The client is responsible for its data, content, materials, platform access, legal compliance, and use or modification of deliverables after completion. To the extent permitted by law, the client indemnifies Arqon and its personnel against claims, losses, liabilities, damages, and expenses arising from those matters or from the client’s breach of third-party licence terms, platform terms, applicable laws, or agreed responsibilities.

16. Termination and offboarding

Termination rights and consequences are set out in the applicable Statement of Work or written agreement. Unless otherwise agreed, either party may terminate an engagement on 30 days’ written notice, and either party may terminate for unremedied material breach, insolvency, or cessation of business.

On termination or completion, the client must pay for services properly performed up to the effective date. Arqon will provide reasonable offboarding support as agreed, including completed deliverables, relevant handover information, and return or deletion of client confidential information and data where required by the engagement terms.

17. Portfolio references

Arqon may include a client name in a general client list unless the client objects in writing. Arqon will obtain prior written consent before publishing a detailed case study, testimonial, specific engagement description, outcomes, logo, trade mark, or branding. Approved references may be withdrawn on 30 days’ written notice, after which Arqon will remove the relevant content within a reasonable time.

18. Dispute resolution

The parties agree to attempt in good faith to resolve disputes through direct negotiation before commencing formal proceedings.
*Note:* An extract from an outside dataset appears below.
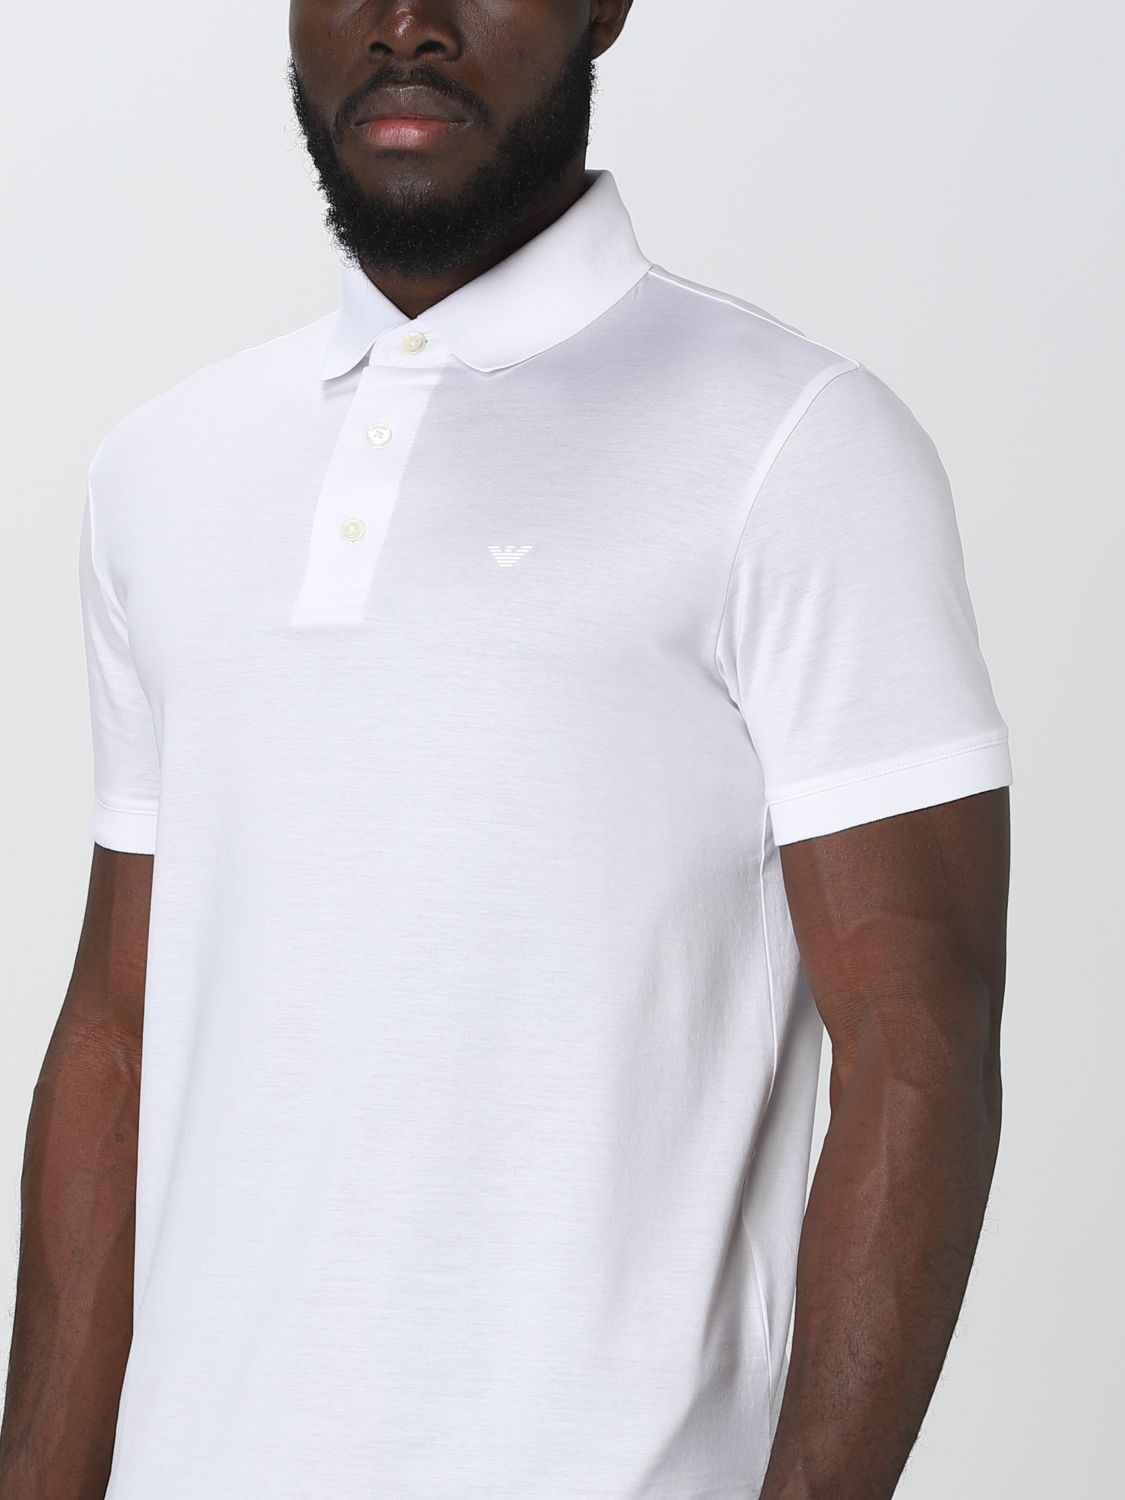 EMPORIO ARMANI: polo shirt for man - White | Emporio Armani polo shirt  8N1F981JUVZ online on

If a dispute is not resolved within the timeframe in the applicable agreement, either party may refer the dispute to mediation administered by the Australian Disputes Centre or a mutually agreed mediator. Nothing prevents a party from seeking urgent injunctive or interlocutory relief.

19. Governing law

These Terms are governed by the laws of New South Wales, Australia. Each party submits to the non-exclusive jurisdiction of the courts of New South Wales and the Federal Court of Australia.